Tromm A, Griga T, Möllmann H W, May B, Müller K M, Fisseler-Eckhoff A
Department of Gastroenterology and Hepatology and Institute of Pathology, BG-Kliniken Bergmannsheil, University Clinic, Ruhr-University Bochum, Germany.
Am J Gastroenterol. 1999 Jul;94(7):1871-5. doi: 10.1111/j.1572-0241.1999.01222.x.
Collagenous colitis is a chronic watery diarrhea disorder characterized by a subepithelial collagen layer and a lymphoplasmacytic infiltration within the lamina propria. However, no standard treatment has been introduced by controlled clinical trials. Aim of the present pilot trial was to investigate the clinical effects of orally administered budesonide (3 mg t.i.d.) in 7 patients with collagenous colitis. In addition, the histomorphological changes after budesonide treatment were described in a group of 3 patients.

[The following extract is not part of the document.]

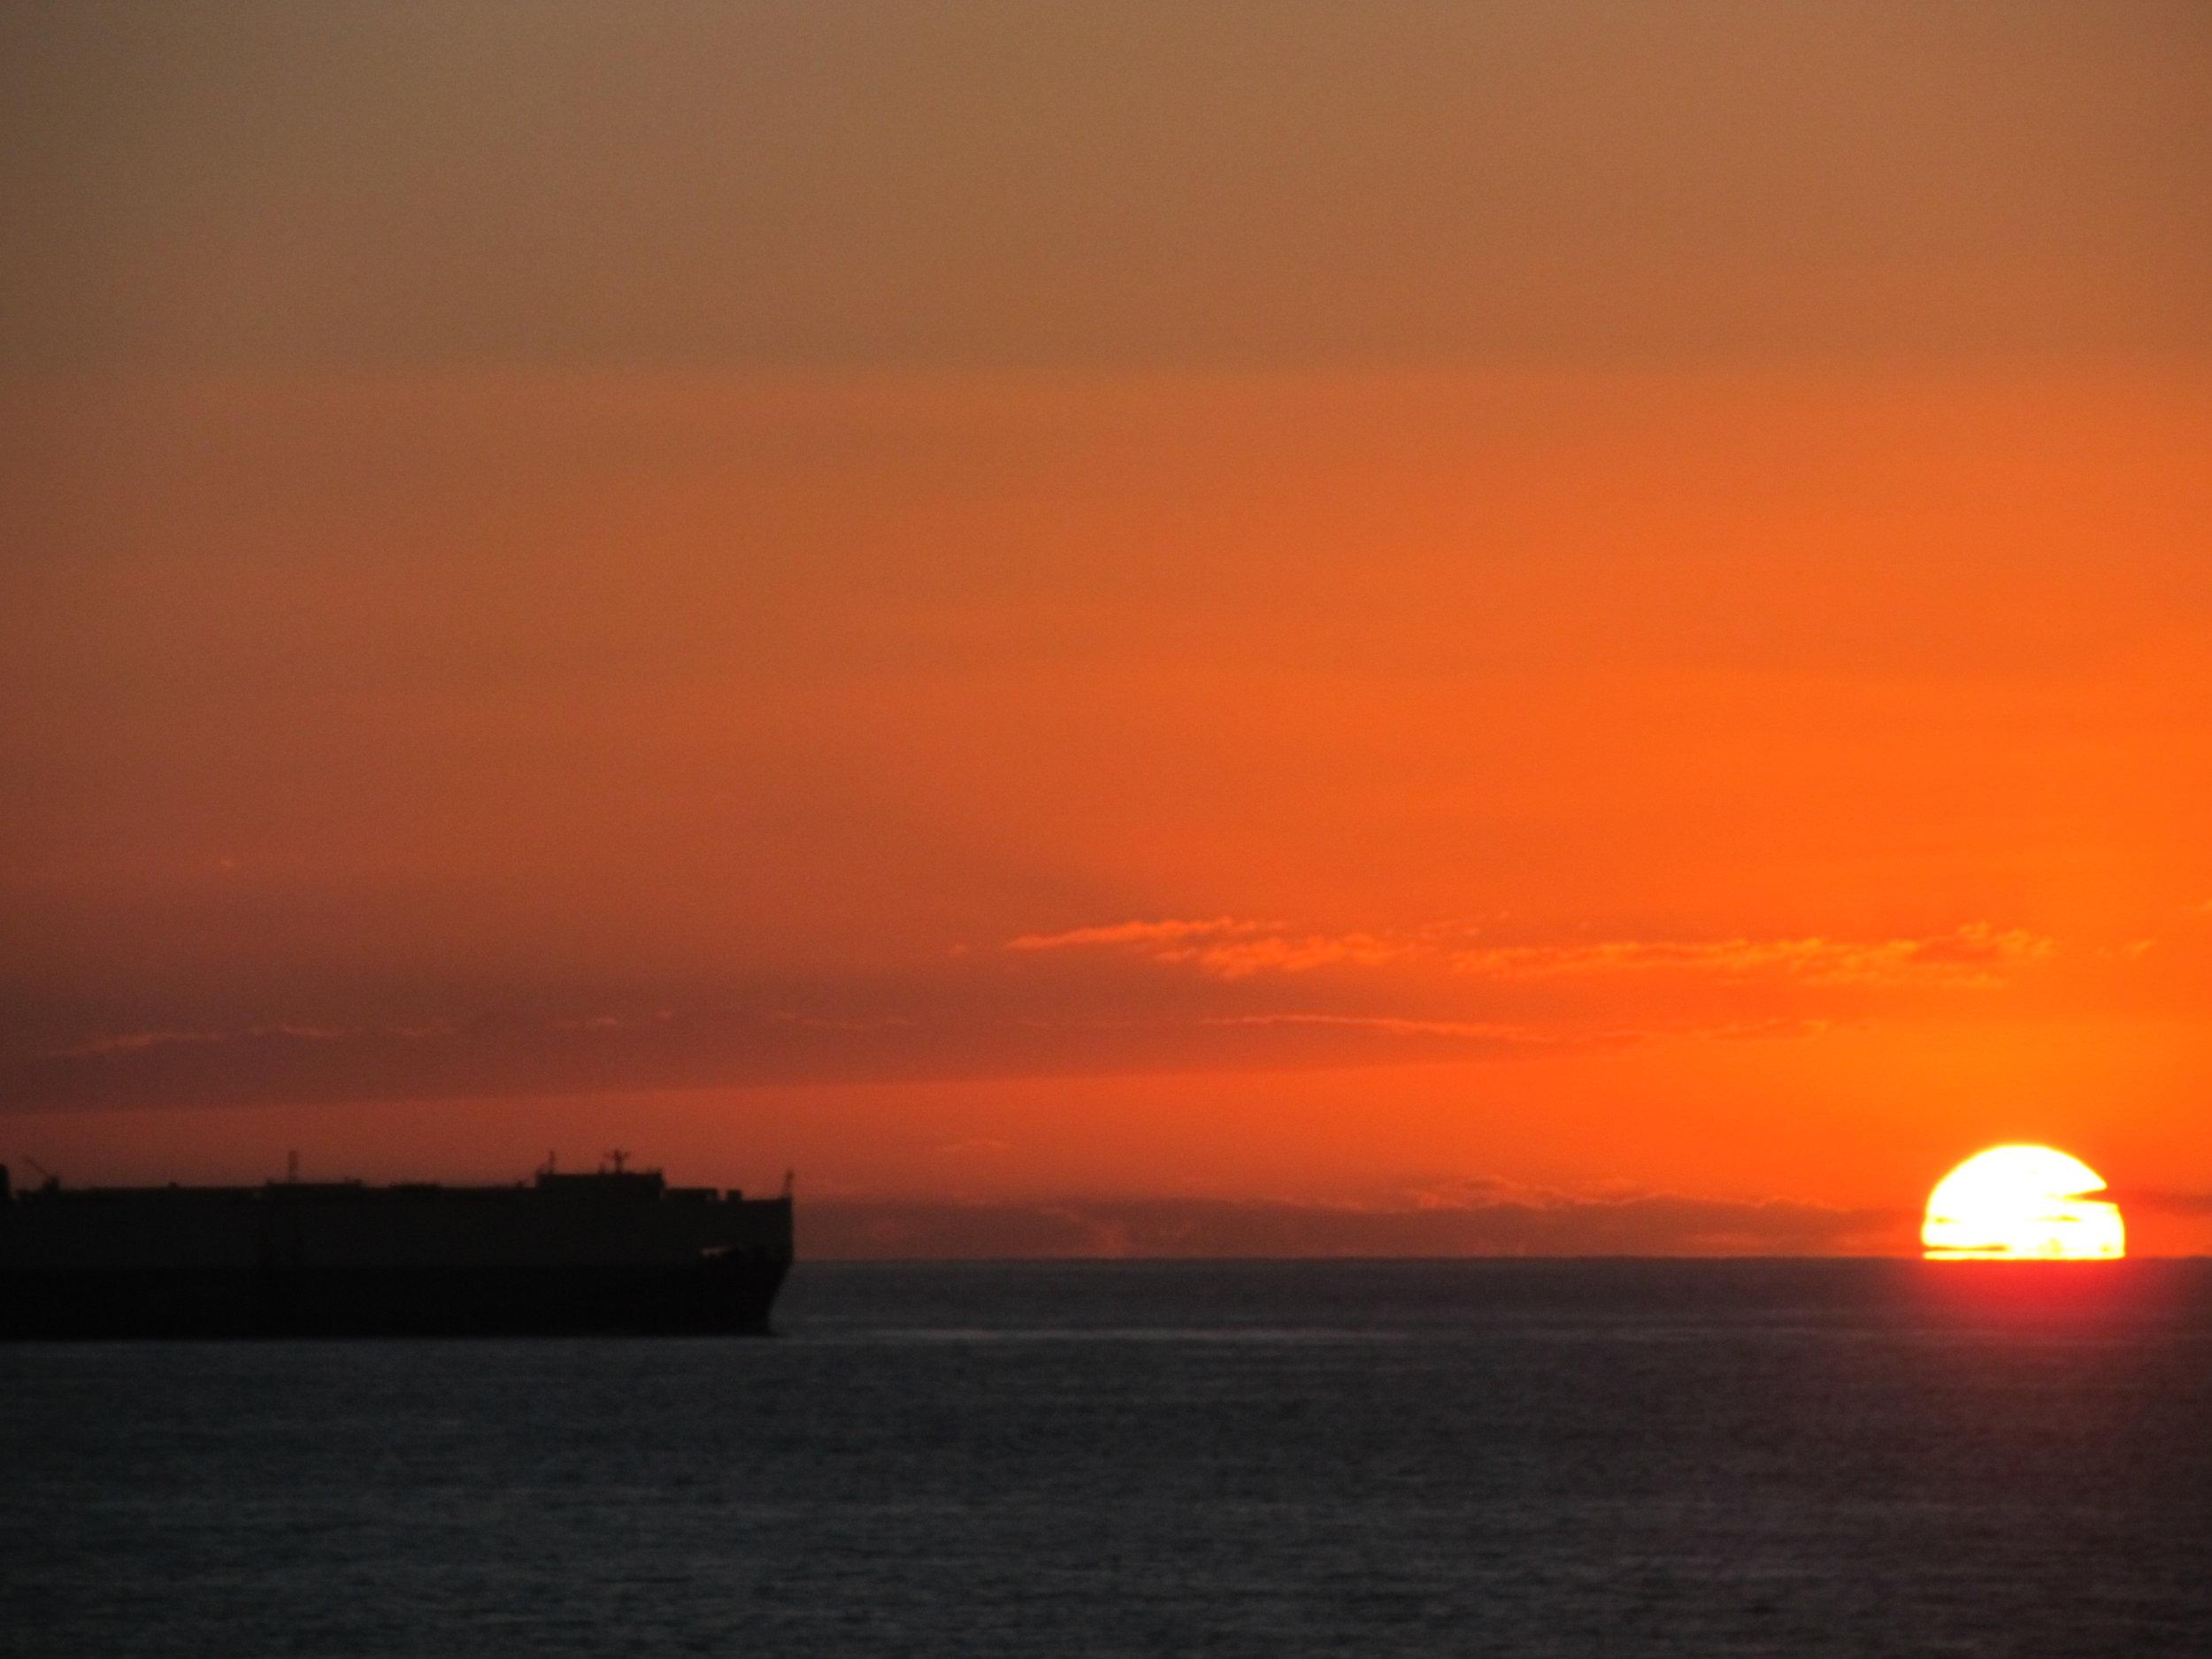 cargo ship at sunset

The study was performed as an open label pilot trial. Study end point was the clinical remission of collagenous colitis defined by stool frequency and stool consistency.
The results indicate a rapid and sustained clinical response in all patients. Stool frequency significantly decreased (p < 0.001) from 10.43 +/- 5.56 per day (4-20 per day) to 3.3 +/- 1.2 (1-5 per day) after 10 days and to 1.86 +/- 0.69 per day (1-3 per day) after 10 wk. Moreover stool consistency changed from watery (6 patients) or soft (1 patient) to soft (1 patient) or solid (6 patients). Clinical improvement was achieved within the first 10 days in all patients and maintained after dose reduction. In 3 patients no diarrhea recurred within 7, 12, or 15 months after treatment with budesonide was terminated. In these patients control biopsies were taken and showed a marked regression of both characteristics, the collagen band and the lymphoplasmacytic infiltration.
With respect to the preliminary data from this pilot trial, budesonide with its high topical and low systemic effects seems to be of therapeutic clinical benefit in collagenous colitis. A therapeutic effect could be demonstrated for both therapeutic goals, the clinical response and morphological changes. Further studies on the effects of budesonide on mucosal collagen metabolism and long-term follow-up are warranted.
胶原性结肠炎是一种慢性水样腹泻疾病,其特征为上皮下胶原层和固有层内淋巴细胞及浆细胞浸润。然而,尚无通过对照临床试验引入的标准治疗方法。本试点试验的目的是研究口服布地奈德(每日3次,每次3毫克)对7例胶原性结肠炎患者的临床疗效。此外,还描述了一组3例患者在布地奈德治疗后的组织形态学变化。
本研究作为一项开放标签试点试验进行。研究终点为根据排便频率和大便性状定义的胶原性结肠炎临床缓解。
结果表明所有患者均有快速且持续的临床反应。排便频率在10天后从每天10.43±5.56次(每天4 - 20次)显著降低(p < 0.001)至3.3±1.2次(每天1 - 5次),在10周后降至每天1.86±0.69次(每天1 - 3次)。此外,大便性状从水样(6例患者)或软便(1例患者)变为软便(1例患者)或固体便(6例患者)。所有患者在最初10天内实现临床改善,并在减量后维持。3例患者在布地奈德治疗终止后7、12或15个月内未再出现腹泻。对这些患者进行对照活检,结果显示胶原带和淋巴细胞及浆细胞浸润这两个特征均有明显消退。
根据该试点试验的初步数据,布地奈德具有高局部效应和低全身效应,似乎对胶原性结肠炎具有治疗临床益处。对于临床反应和形态学变化这两个治疗目标均能证明其治疗效果。有必要进一步研究布地奈德对黏膜胶原代谢的影响及长期随访情况。